Q: Tax Playa, I am a self-employed taxpayer. Can I take a home office deduction?
Regi, Norfolk VA
A: In general, there is a deduction allowed for business use of a home, or a "home office." How and if you can claim it varies greatly depending on your work situation, though...
For more on the home office deduction, please consult IRS Publication 587, Business Use of Your Home.
In order for a home office to qualify as such, it must be:
- Exclusive. The room or area can only be used for business. No personal use.
- Regular. Business is consistently-conducted here. Occasional use won't do.
- For a trade or business. Not just any profit-seeking activity (like investing) will do.
In addition, the room must be the principle place where your business is conducted. This means either:
- You normally meet your clients at this location, or
- The exclusive and regular administrative aspects of your business are conducted here.

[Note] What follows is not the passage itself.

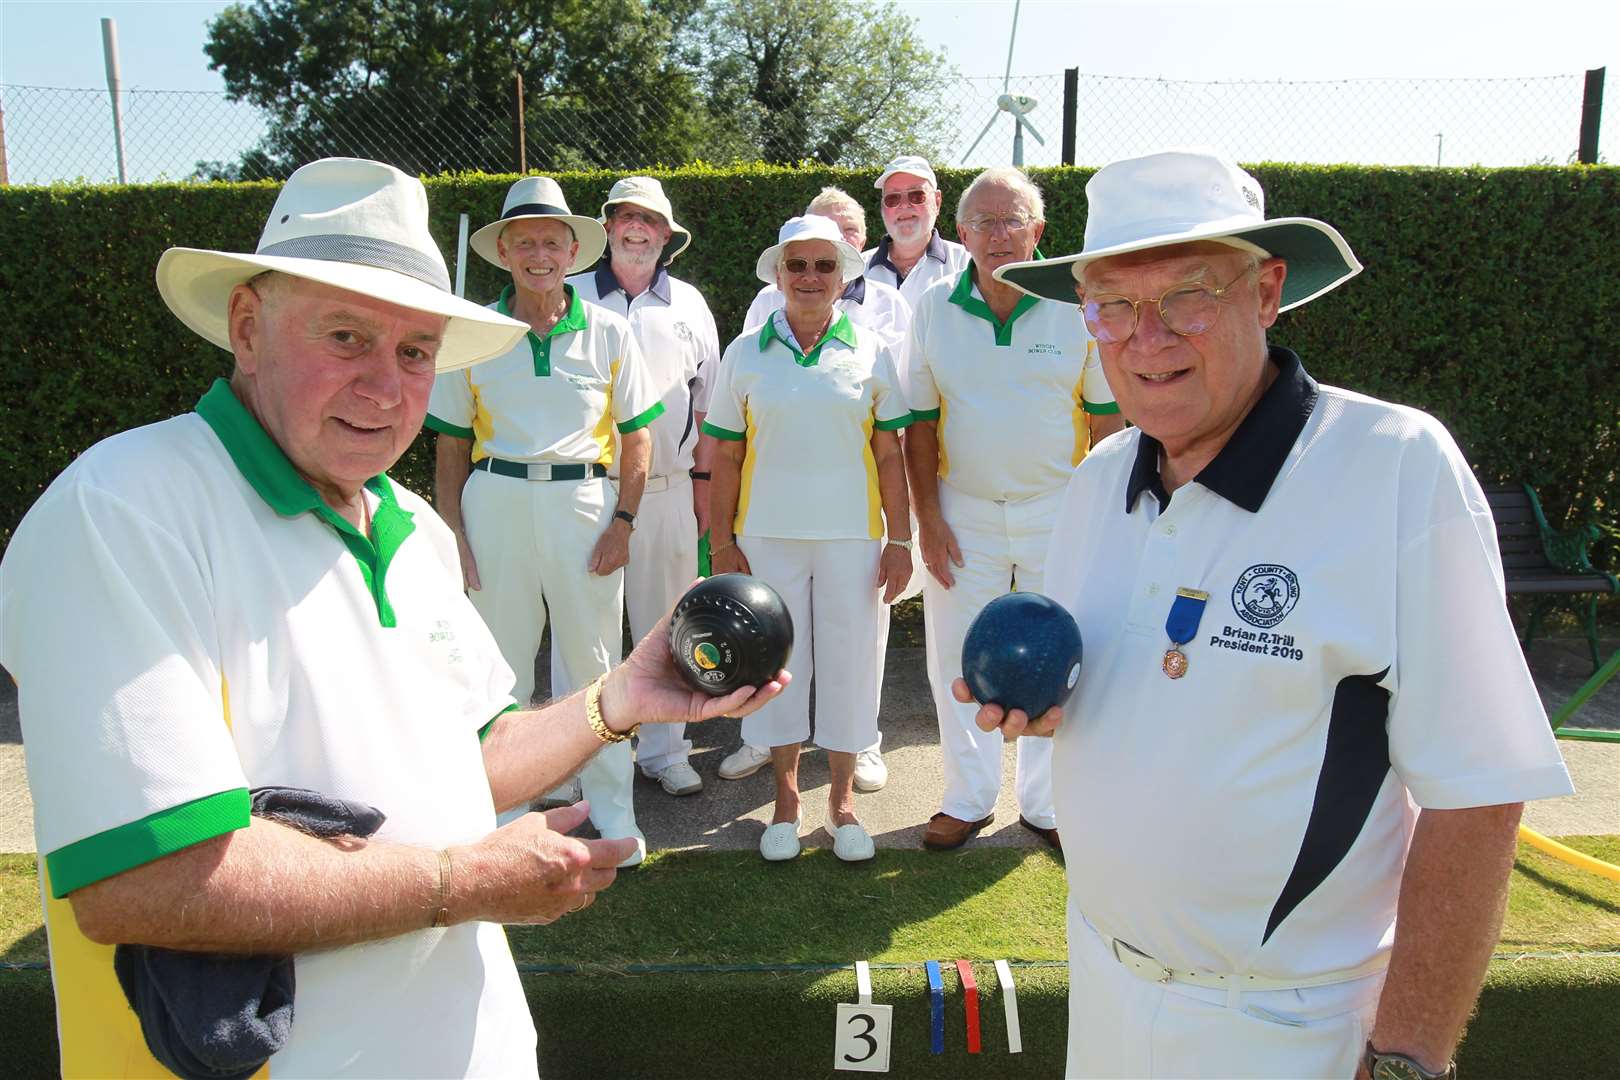 The 2019 President, Brian Trill, visits Winget Bowls Club - the 2021 President Peter Luckhurst will be making similar trips around the county this year. Picture: John Westhrop

How to Calculate the Deduction
If you qualify for a home office deduction, it is calculated by multiplying the total cost of your home by the business percentage. This can be done either as a room/number of rooms in the home ratio, or as a square footage percentage. Part-year deductions must also factor in time.
Home expenses that can be multiplied by the business percentage include but are not limited to:
- mortgage interest
- property taxes
- depreciation (over 39 years, 40 if in AMT)
- homeowners insurance
- cleaning and maintenance
- homeowners association and condominium fees
- other depreciable equipment like computers (5 years) or furniture (7 years) in the office
Some costs will be general to the home (indirect). These must be multiplied by the business use percentage. Some (like repairs, utilities, or other depreciable equipment) may be used more directly with the home office. In this case, you can take a full deduction for their business use.
A home office deduction cannot generate a loss to the extent that otherwise non-deductible items generate that loss. Basically, that means that anything besides mortgage interest and property taxes simply roll over into a future business year that is profitable.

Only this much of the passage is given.